53. A system for assessing or selecting a treatment protocol for a subject diagnosed with thyroid cancer, comprising: at least one processor; at least one computer-readable medium; a medical treatment database operatively connected to a computer-readable medium of the system and containing information correlating the presence or absence of at least one allele of at least one marker selected from the group consisting of rs116909374, rs334725 and rs28933981, and markers correlated therewith, and efficacy of treatment regimens for thyroid cancer; a measurement tool to receive an input about the human subject and generate information from the input about the presence or absence of the at least one marker allele in a human subject diagnosed with thyroid cancer; and a medical protocol tool operatively coupled to the medical treatment database and the measurement tool, stored on a computer-readable medium of the system, and adapted to be executed on a processor of the system, to compare the information with respect to presence or absence of the at least one marker allele for the subject and the medical treatment database, and generate a conclusion with respect to at least one of: the probability that one or more medical treatments will be efficacious for treatment of thyroid cancer for the patient; and which of two or more medical treatments for thyroid cancer will be more efficacious for the patient.

54. The system according to claim 53, wherein the measurement tool comprises a tool stored on a computer-readable medium of the system and adapted to be executed by a processor of the system to receive a data input about a subject and determine information about the presence or absence of the at least one marker allele in a human subject from the data.

55. The system according to claim 54, wherein the data is genomic sequence information, and the measurement tool comprises a sequence analysis tool stored on a computer readable medium of the system and adapted to be executed by a processor of the system to determine the presence or absence of the at least one marker allele from the genomic sequence information.

56. The system according to claim 55, wherein the input about the human subject is a biological sample from the human subject, and wherein the measurement tool comprises a tool to identify the presence or absence of the at least one marker allele in the biological sample, thereby generating information about the presence or absence of the at least one marker allele in a human subject.

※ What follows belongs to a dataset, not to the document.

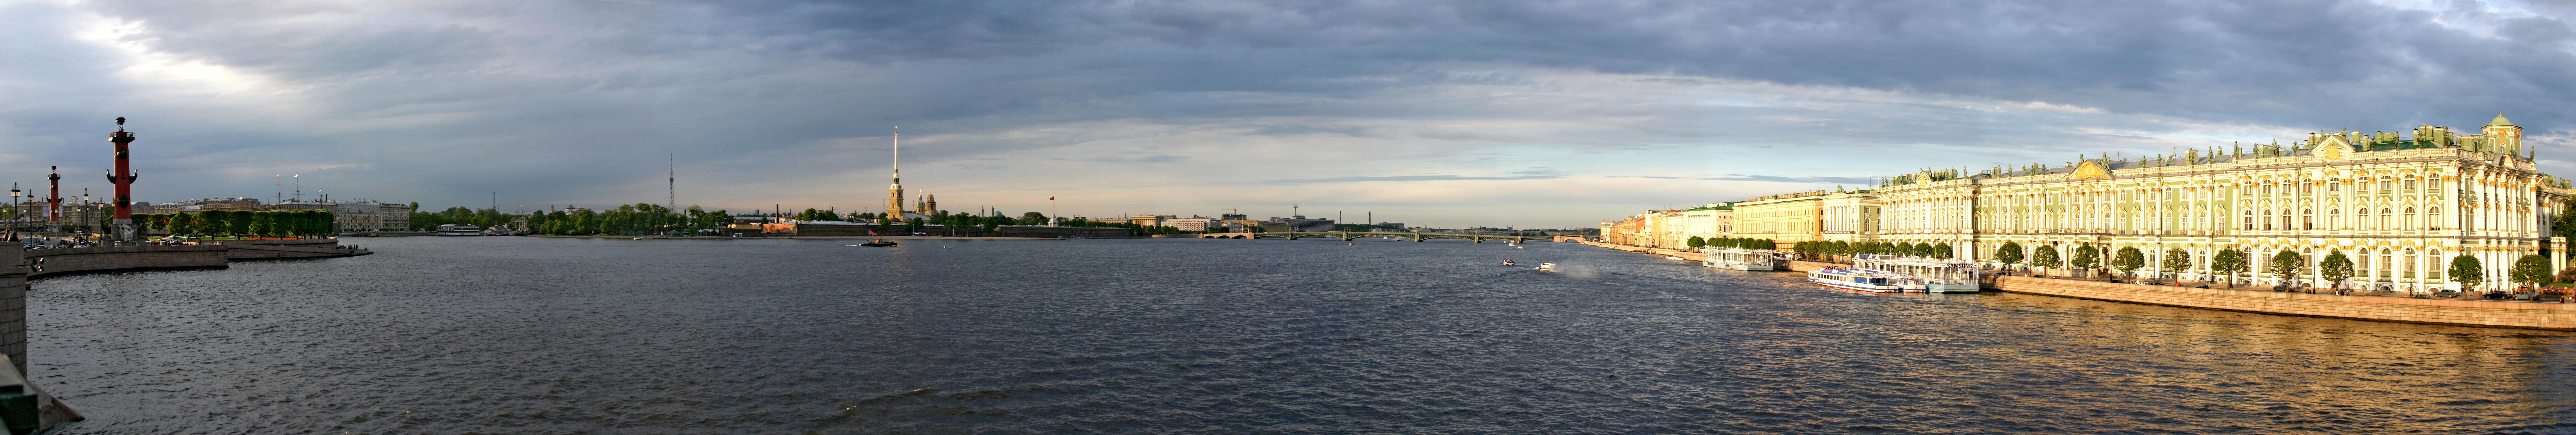 Панорама Санкт-Петербурга с Дворцового моста.

57. The system according to claim 53, further comprising a communication tool operatively connected to the medical protocol routine for communicating the conclusion to the subject, or to a medical practitioner for the subject.

58. The system according to claim 57, wherein the communication tool comprises a routine stored on a computer-readable medium of the system and adapted to be executed on a processor of the system, to: generate a communication containing the conclusion; and transmit the communication to the subject or the medical practitioner, or enable the subject or medical practitioner to access the communication.

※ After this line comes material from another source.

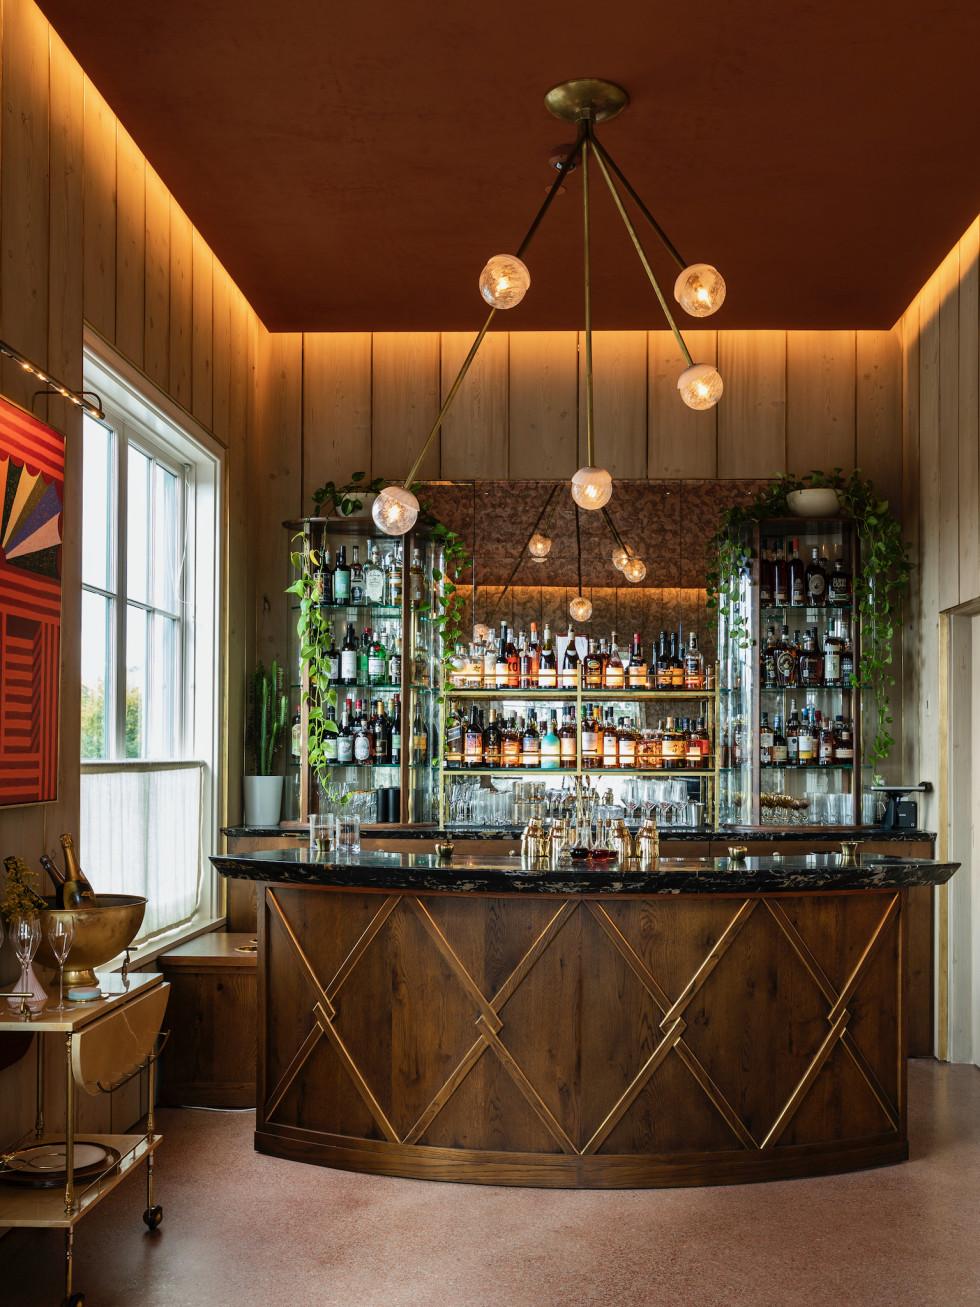 March restaurant bar interior

59. The system according to claim 53, wherein markers correlated with rs116909374 are selected from the group consisting of the markers listed in table 2 and table 8.

60. The system according to claim 53, wherein markers correlated with rs334725 are selected from the group consisting of the markers listed in table 1 and table 7.

61. The system according to claim 53, wherein the at least one marker allele is selected from the group consisting of the risk alleles listed in Table 7 and Table 8.

62. (canceled)

63. The method according to claim 1, wherein linkage disequilibrium between markers is characterized by values of r.sup.2 of at least 0.2.

64. The method according to claim 1, wherein linkage disequilibrium between markers is characterized by values of r.sup.2 of at least 0.5.